First up is new proof of the consensus that the situation in Iraq has improved markedly, not just militarily but also politically. According to not only UN Secretary-General Ban Ki-Moon, but over 100 national delegations meeting at a conference in Stockholm, the political and economic progress in Iraq has been “remarkable.” Moon says that Iraq is “stepping back from the abyss that we feared most,”and now could fulfil its “vision of becoming a free, secure, stable and prosperous nation.” For this important evidence that there is general agreement in the international community that progress in Iraq is both real and significant, CLICK HERE. Agreeing recently with this assessment that “things are better” in Iraq is French Foreign Minister Bernard Kouchner. Plus, here is some more reporting on the claims by US military sources, related to the weakened state of al-Qaeda in Iraq.
Next up, A Washington Post editorial analyses the implications of this reality. The paper points to recent coalition successes, including competent showings by the Iraqi armed forces, in Basra, Sadr City and Mosul, and says a tipping point, “one that sees the Iraqi government and army restoring order in almost all of the country” may be near. The paper argues that, given the new reality in Iraq, it is time for critics of the war to re-think calls for immediate pull-outs or arbitrary deadlines, and plan to coordinate any pull-outs with the ability of Iraqi forces to take over. For this take on the implications of the situation in Iraq from one of the most important mainstream US newspapers, CLICK HERE. Another editorial on the opportunity to “Win the War” not only in Iraq, but against al-Qaeda and Islamist terrorism generally, comes from the Weekly Standard. The Wall Street Journal also commented on claims by CIA Director Michael Hayden that al-Qaeda in Iraq is “near strategic defeat.”
Finally, former Jerusalem Post editor Bret Stephens, now at the Wall Street Journal, says one lesson of the Iraq war is that, despite the frequently heard claim to the contrary, there indeed are military solutions to terrorism. He analyses the Iraq situation alongside increasingly successful counter-terror efforts in Colombia and Sri Lanka, and says it is exactly backward to argue that “political reconciliation” is a precondition of military success, when it is actually a product of it. He points out that undefeated insurgencies are very effective at blocking political reconciliation, and while dealing with them militarily is very hard, it is nonetheless the path to such reconciliation.
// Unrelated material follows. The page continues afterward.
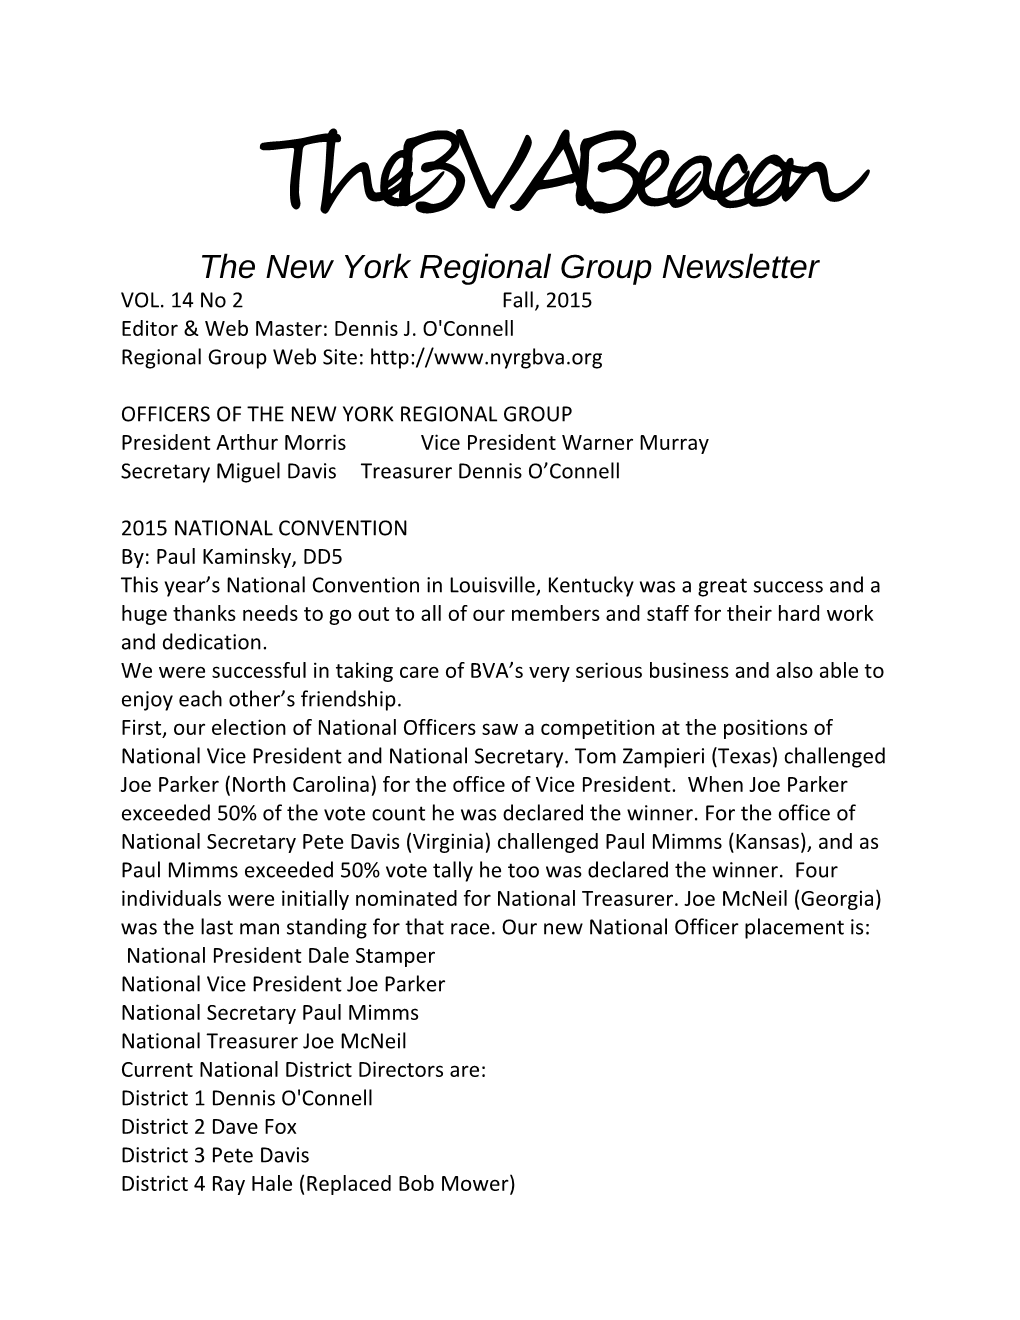 The BVA Beacon

For his full analysis, CLICK HERE. Also, military historian Victor Davis Hanson argues that too many commentators are refusing to accept that the change in Iraq, as well as the growing critiques in the Muslim world of Islamist terrorism, are the result of US policy.
Readers may also be interested in:
- A soldier in Iraq reports on the situation after May saw the lowest number of US casualties since 2003.
- A detailed report on the recent American battle to secure the northern city of Mosul, reputedly the last al-Qaeda in Iraq bastion.
- An inside account of the improving life in Mosul. More on the Mosul situation here.
- A report on the US success in the former so-called “triangle of death”.
- Noted American Middle East academic Fouad Ajami calls for judging what to do about Iraq based on the situation now, and not obsessing over arguments about the reasons for the war.
- Claims that Afghan insurgents are also “on the brink of defeat” according to the British commander in Afghanistan.
- More on developing Islamic critiques of Islamist terrorism. Meanwhile, some Muslim women complain it is discriminatory that al-Qaeda will not let them join.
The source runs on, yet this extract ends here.